--- PROBLEM REQUIREMENTS ---
Look below for the line containing "Car Repair Logo pinterest preview image."; from there through the line containing "Dossiers du Personnel", both lines included, please set down each line exactly and nothing else.

--- STORED DATA ---

▬▬▬▬▬▬

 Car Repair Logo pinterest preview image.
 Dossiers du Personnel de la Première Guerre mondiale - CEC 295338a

▬▬▬▬▬▬

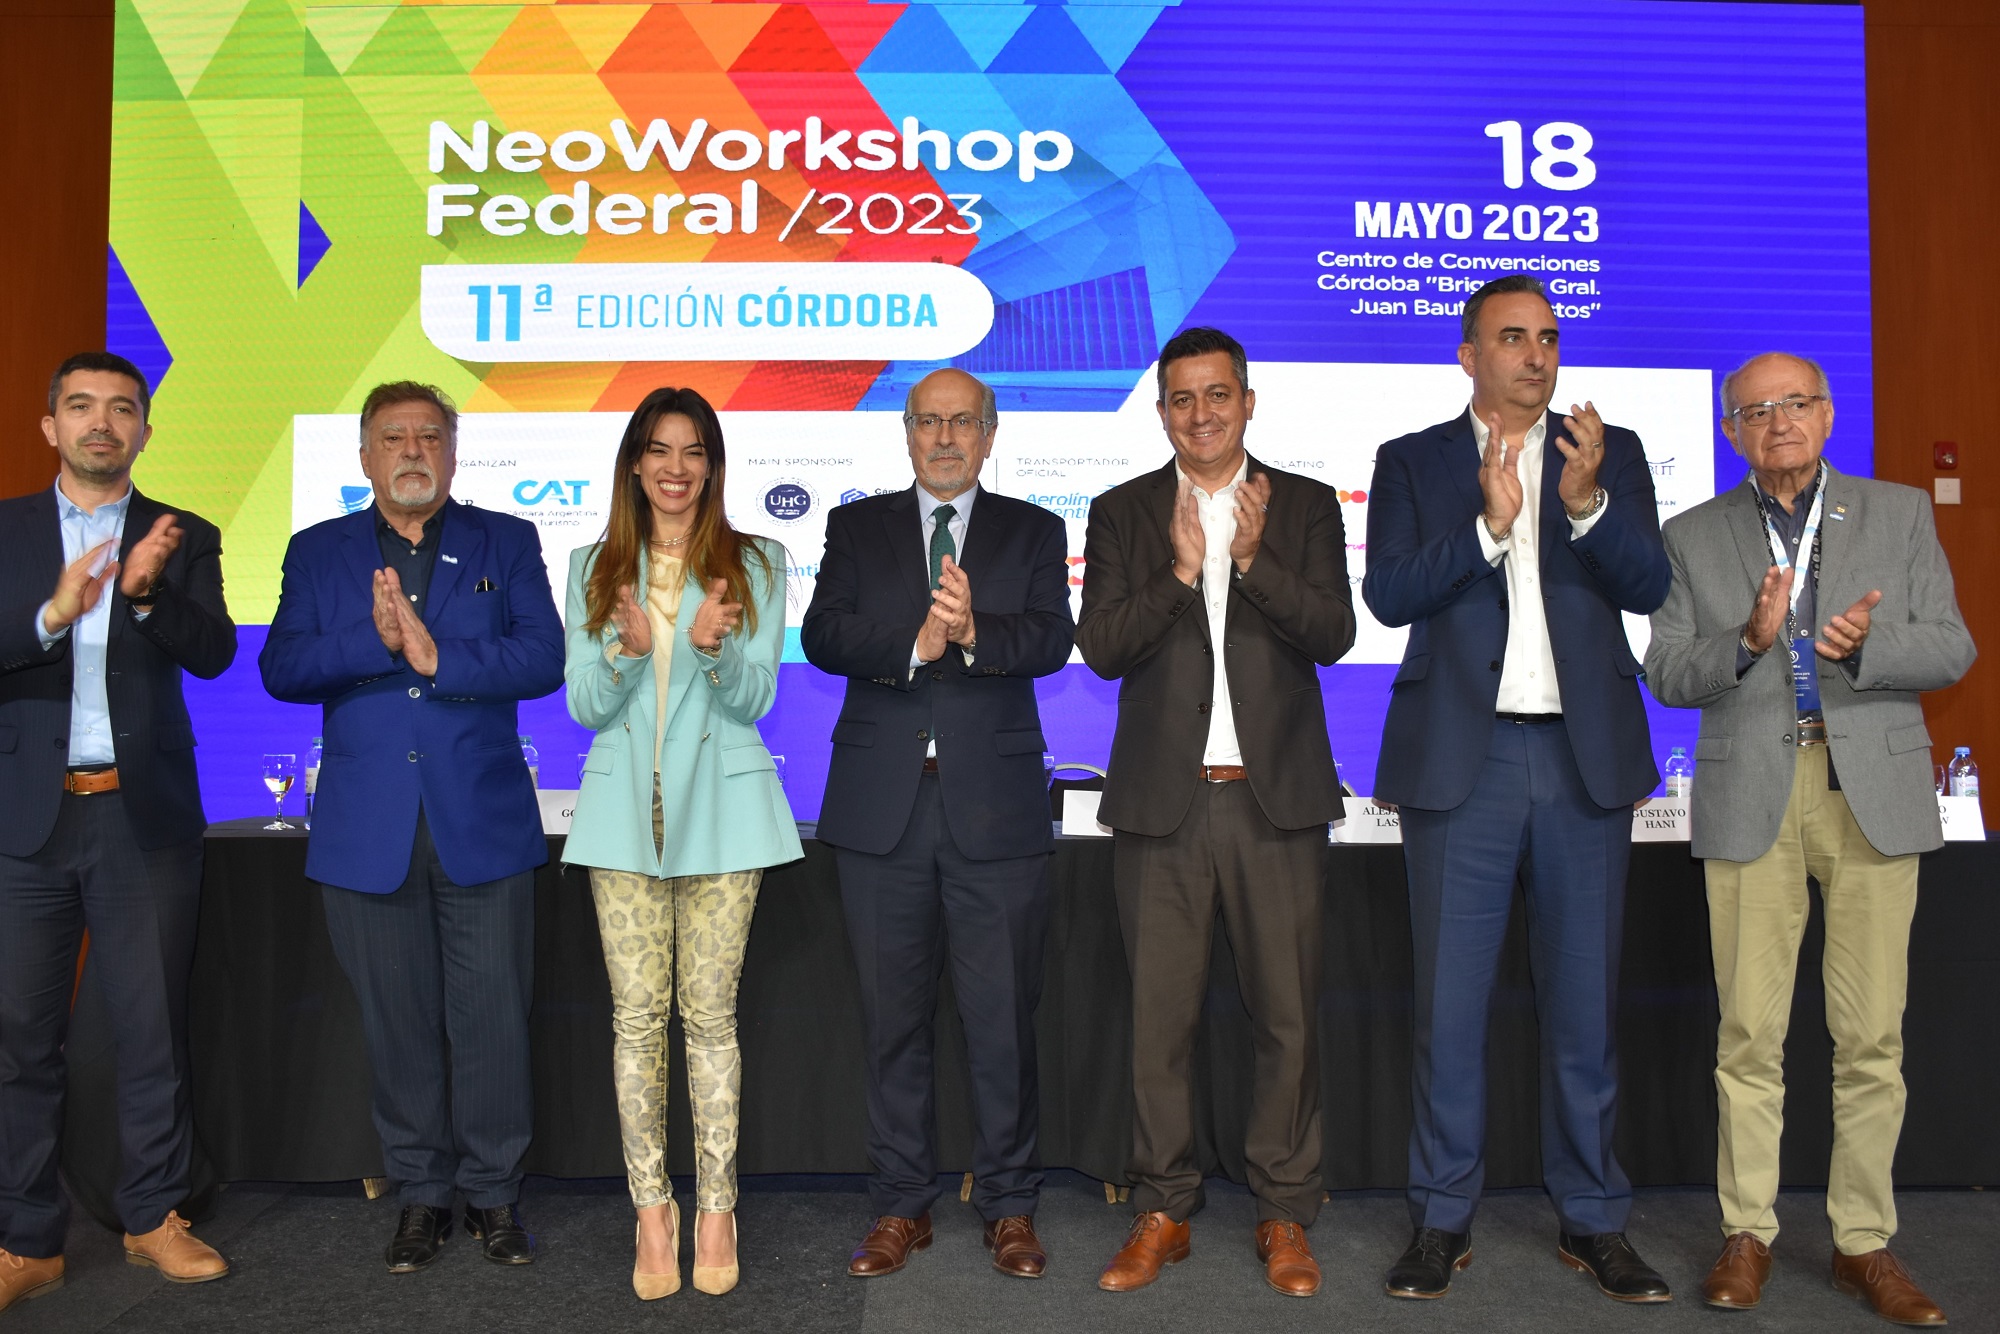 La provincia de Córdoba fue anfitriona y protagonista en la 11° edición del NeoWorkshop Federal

▬▬▬▬▬▬

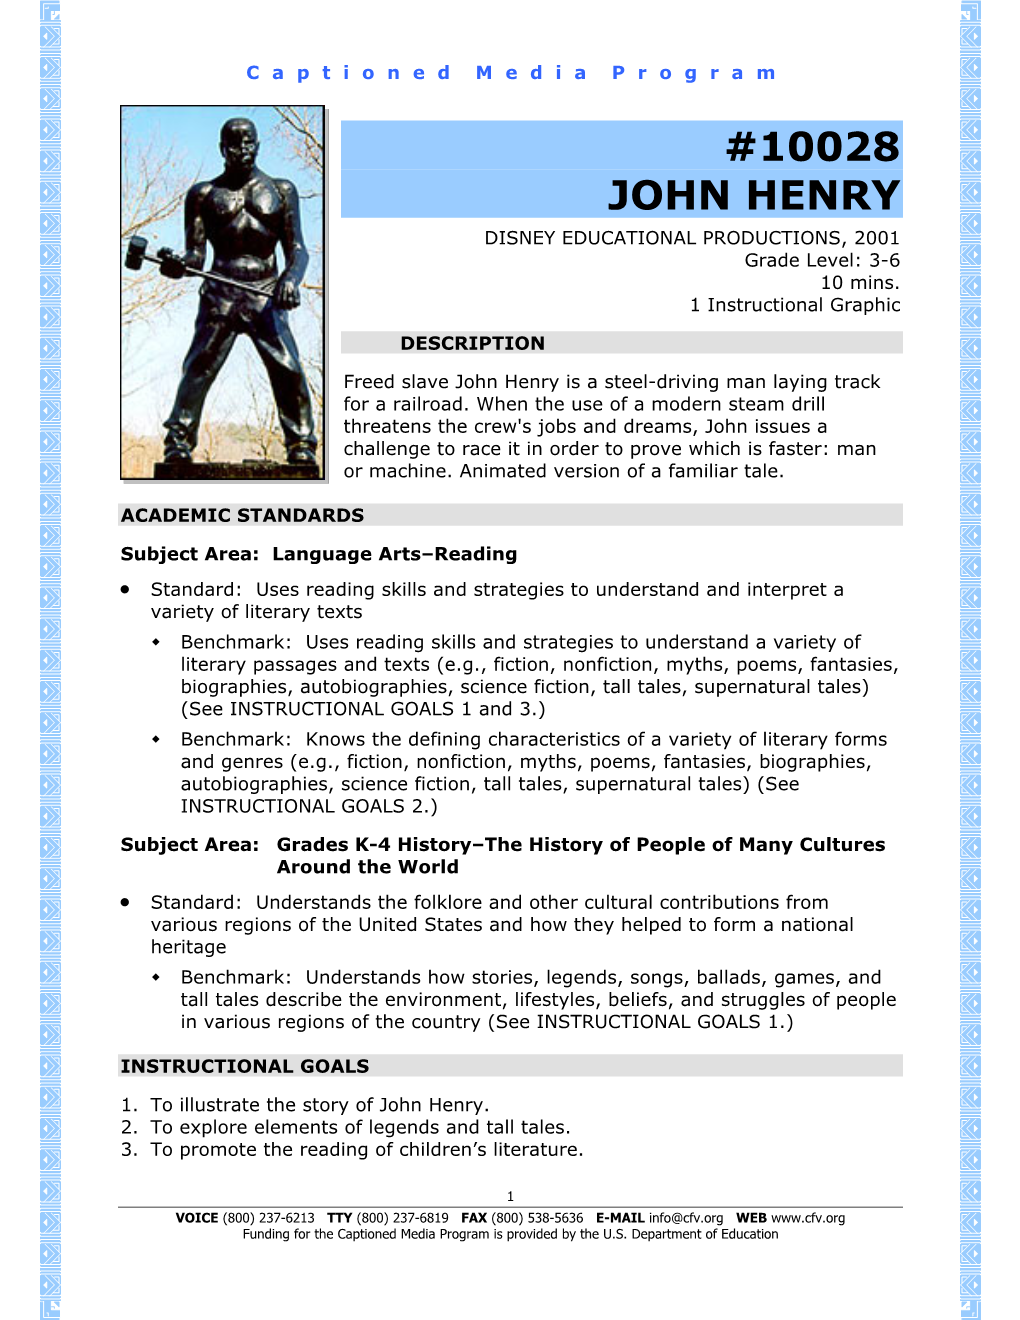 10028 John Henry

▬▬▬▬▬▬

--- SOLUTION ---
 Car Repair Logo pinterest preview image.
 Dossiers du Personnel de la Première Guerre mondiale - CEC 295338a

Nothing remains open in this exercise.